» Directions
Practice item. Set the material below down again exactly, with no pictures.

» Recorded information
== Segment start ==

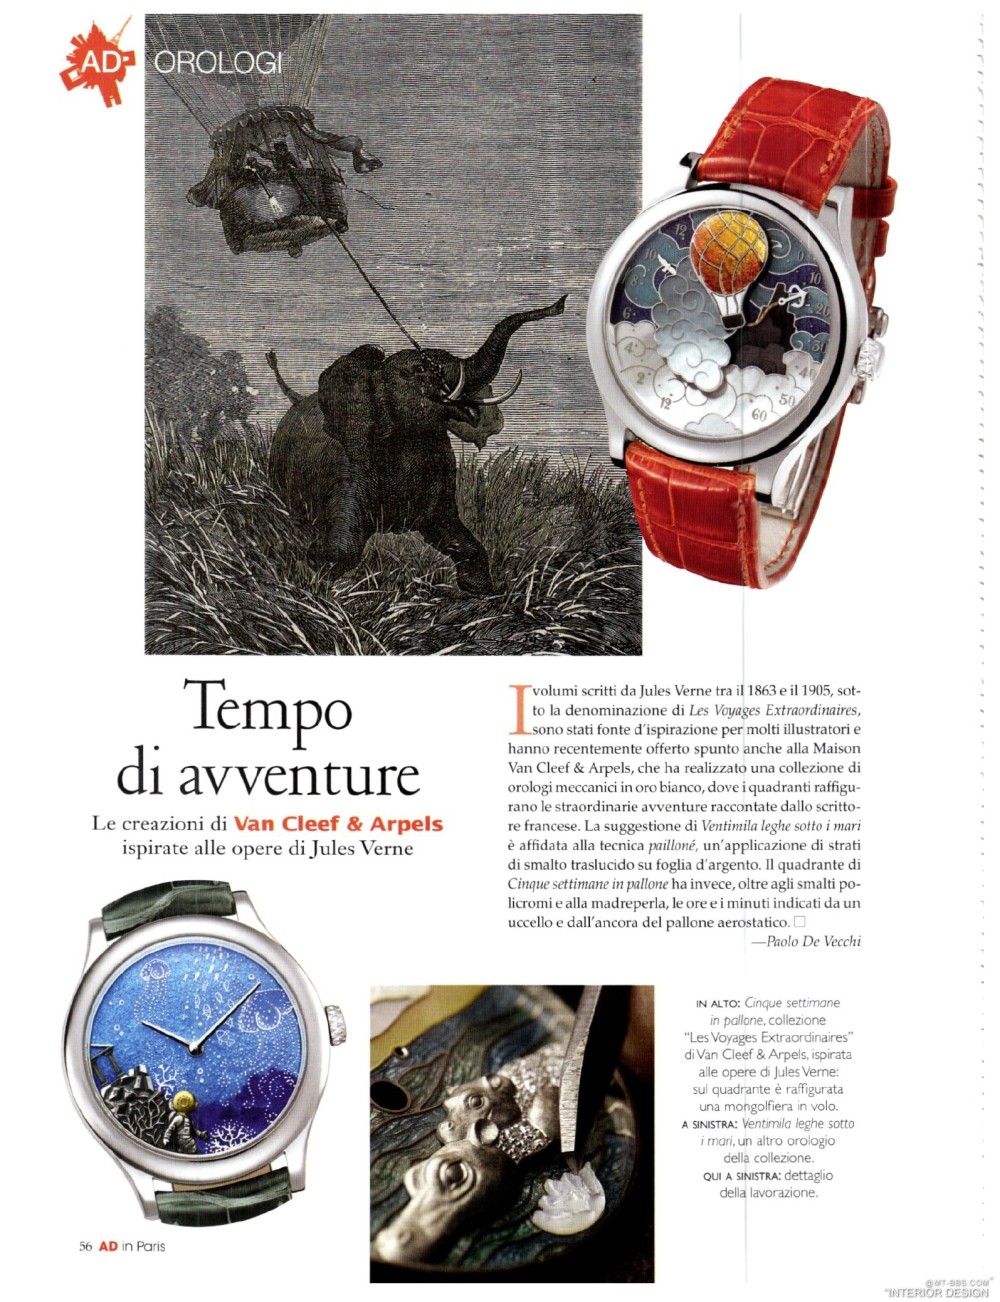 意大利AD 杂志 2012年全年JPG高清版本 全免（上传完毕）_0058.jpg
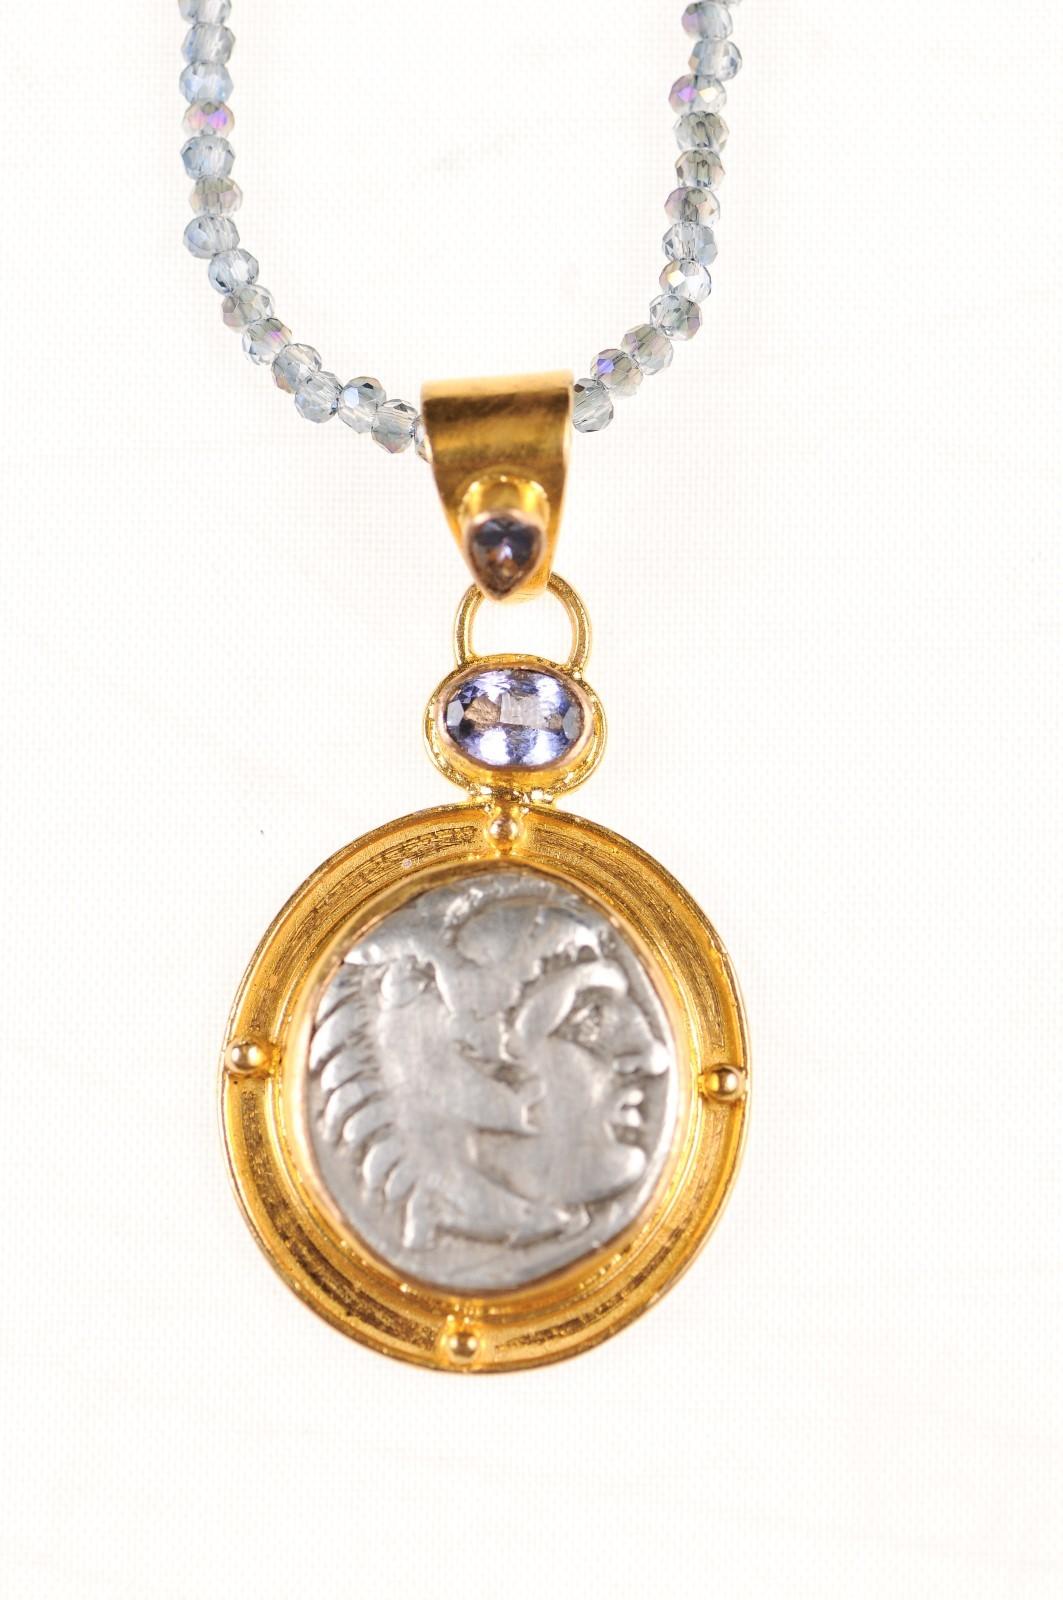 Eine authentische griechische (makedonische) Silberdrachme Alexanders des Großen (ca. 336 - 323 v. Chr.), eingefasst in eine 22-karätige Goldlünette und einen mit Tansanitsteinen verzierten Bügel. Die Vorderseite dieser Münze zeigt Herakles. Auf der
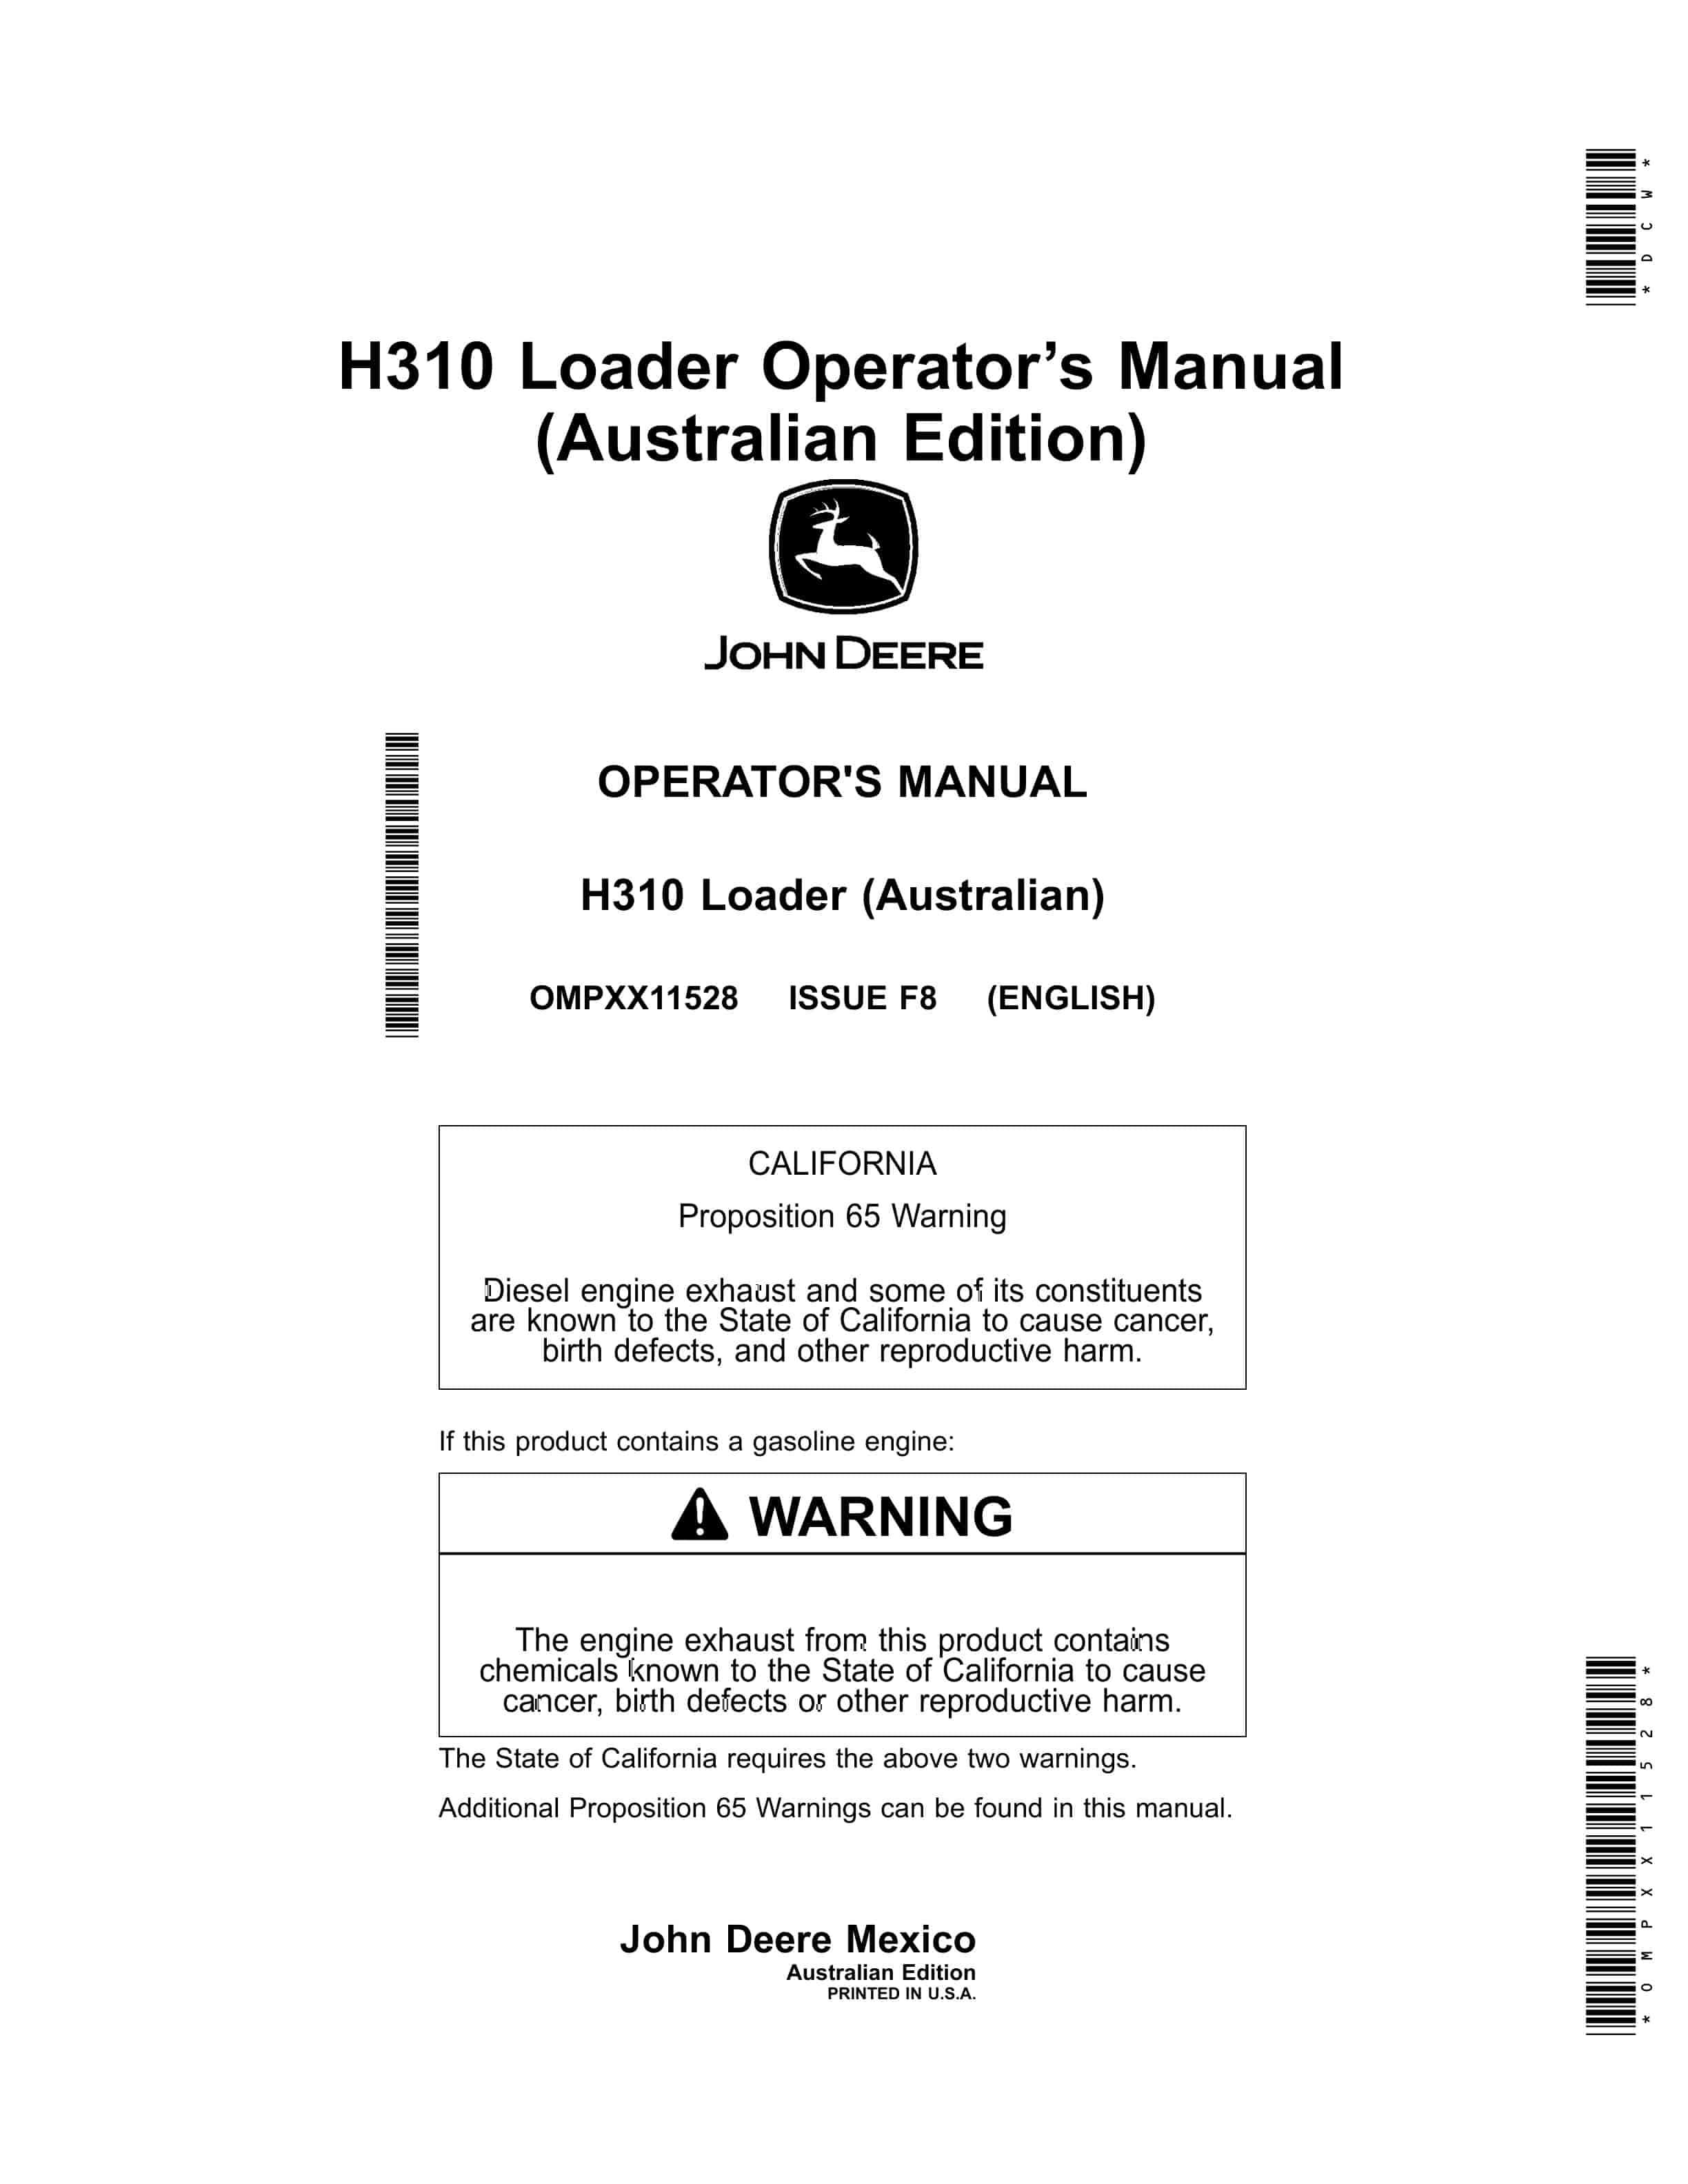 John Deere H310 Loader Operator Manual OMPXX11528 1

== Segment end ==

» Finished task
 意大利AD 杂志 2012年全年JPG高清版本 全免（上传完毕）_0058.jpg
 Eine authentische griechische (makedonische) Silberdrachme Alexanders des Großen (ca. 336 - 323 v. Chr.), eingefasst in eine 22-karätige Goldlünette und einen mit Tansanitsteinen verzierten Bügel. Die Vorderseite dieser Münze zeigt Herakles. Auf der
 John Deere H310 Loader Operator Manual OMPXX11528 1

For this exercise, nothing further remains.